PS: If I mark the constructor Foo(int)
as explicit
, then Foo(int)
is the only constructor invoked, as the integer 10
cannot now be implicitly converted to a Foo
.
§13.3.1.7 [over.match.list]/p1:
When objects of non-aggregate class type T
are list-initialized
(8.5.4), overload resolution selects the constructor in two phases:
- Initially, the candidate functions are the initializer-list constructors (8.5.4) of the class
T
and the argument list consists of
the initializer list as a single argument.
- If no viable initializer-list constructor is found, overload resolution is performed again, where the candidate functions are all
the constructors of the class
T
and the argument list consists of
the elements of the initializer list.
If the initializer list has no elements and T
has a default
constructor, the first phase is omitted. In copy-list-initialization,
if an explicit
constructor is chosen, the initialization is
ill-formed.
As long as there is a viable initializer-list constructor, it will trump all non-initializer-list constructors when list-initialization is used and the initializer list has at least one element.
The n2100 proposal for initializer lists goes into great detail about the decision to make sequence constructors (what they call constructors that take std::initializer_lists
) to have priority over regular constructors. See Appendix B for a detailed discussion. It's succinctly summarized in the conclusion:
11.4 Conclusion
So, how do we decide between the remaining two alternatives (“ambiguity” and “sequence constructors take priority
over ordinary constructors)? Our proposal gives sequence constructors
priority because
- Looking for ambiguities among all the constructors leads to too many “false positives”; that is, clashes between apparently unrelated
constructors. See examples below.
- Disambiguation is itself error-prone (as well as verbose). See examples in §11.3.
- Using exactly the same syntax for every number of elements of a homogeneous list is important – disambiguation should be done for
ordinary constructors (that do not have a regular pattern of
arguments). See examples in §11.3. The simplest example of a false
positive is the default constructor:
The simplest example of a false positive is the default constructor:
vector<int> v;
vector<int> v { }; // potentially ambiguous
void f(vector<int>&);
// ...
f({ }); // potentially ambiguous
It is possible to think of classes where initialization with no
members is semantically distinct from default initialization, but we
wouldn’t complicate the language to provide better support for those
cases than for the more common case where they are semantically the
same.
Giving priority to sequence constructors breaks argument checking into
more comprehensible chunks and gives better locality.

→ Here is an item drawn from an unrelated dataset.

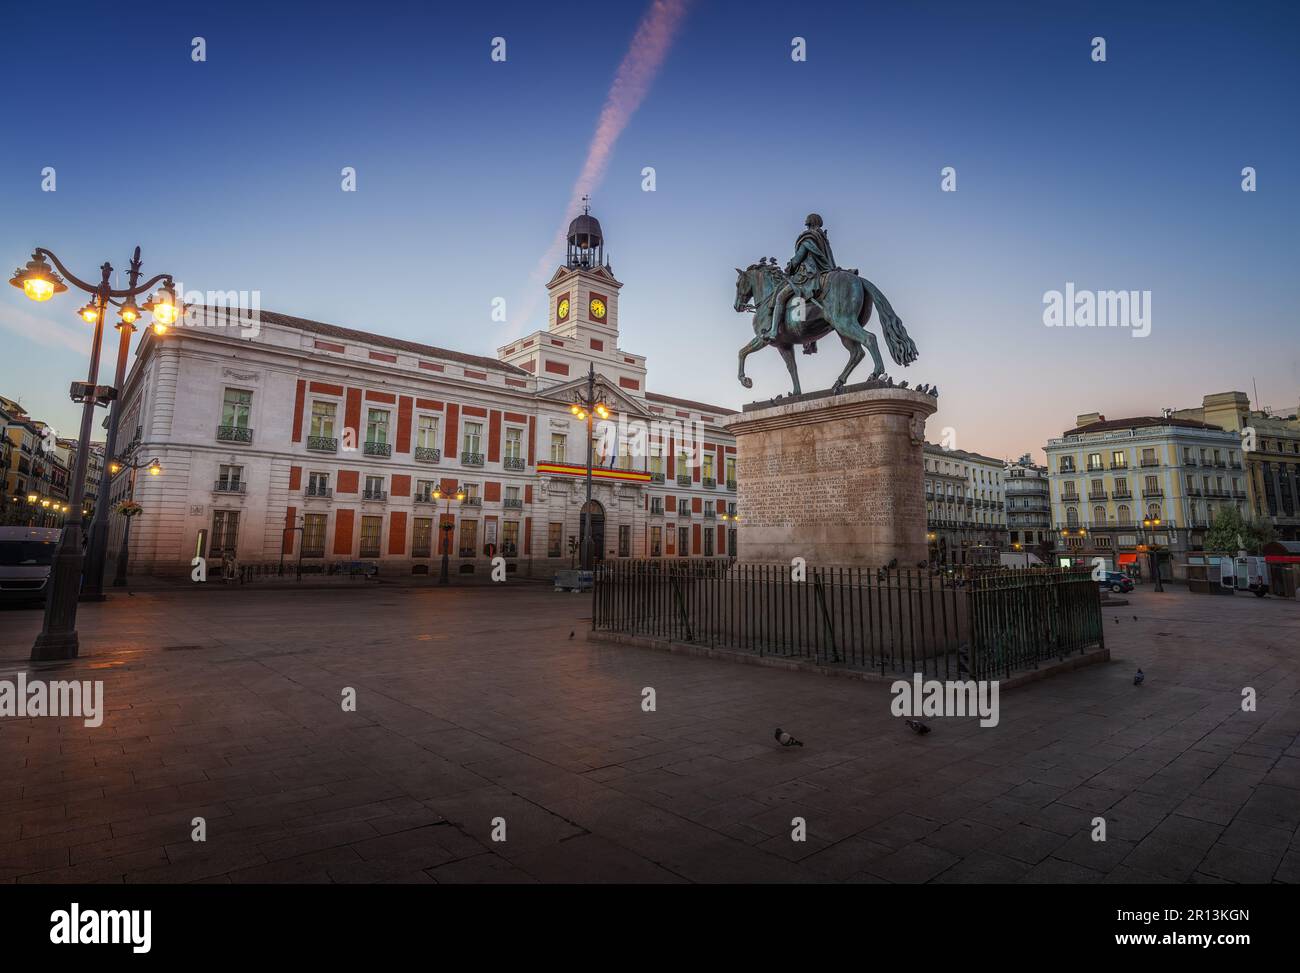 Puerta del Sol bei Sonnenaufgang mit Denkmal für König Karl III. (Carlos III) und königlichem Haus des Postamts - Madrid, Spanien Stockfoto

void f(const vector<double>&);
// ...
struct X { X(int); /* ... */ };
void f(X);
// ...
f(1); // call f(X); vector’s constructor is explicit
f({1}); // potentially ambiguous: X or vector?
f({1,2}); // potentially ambiguous: 1 or 2 elements of vector
Here, giving priority to sequence constructors eliminates the
interference from X. Picking X for f(1) is a variant of the problem
with explicit shown in §3.3.
The whole initializer list thing was meant to enable list initialisation like so:
std::vector<int> v { 0, 1, 2 };
Consider the case
std::vector<int> v { 123 };
That this initializes the vector with one element of value 123 rather than 123 elements of value zero is intended.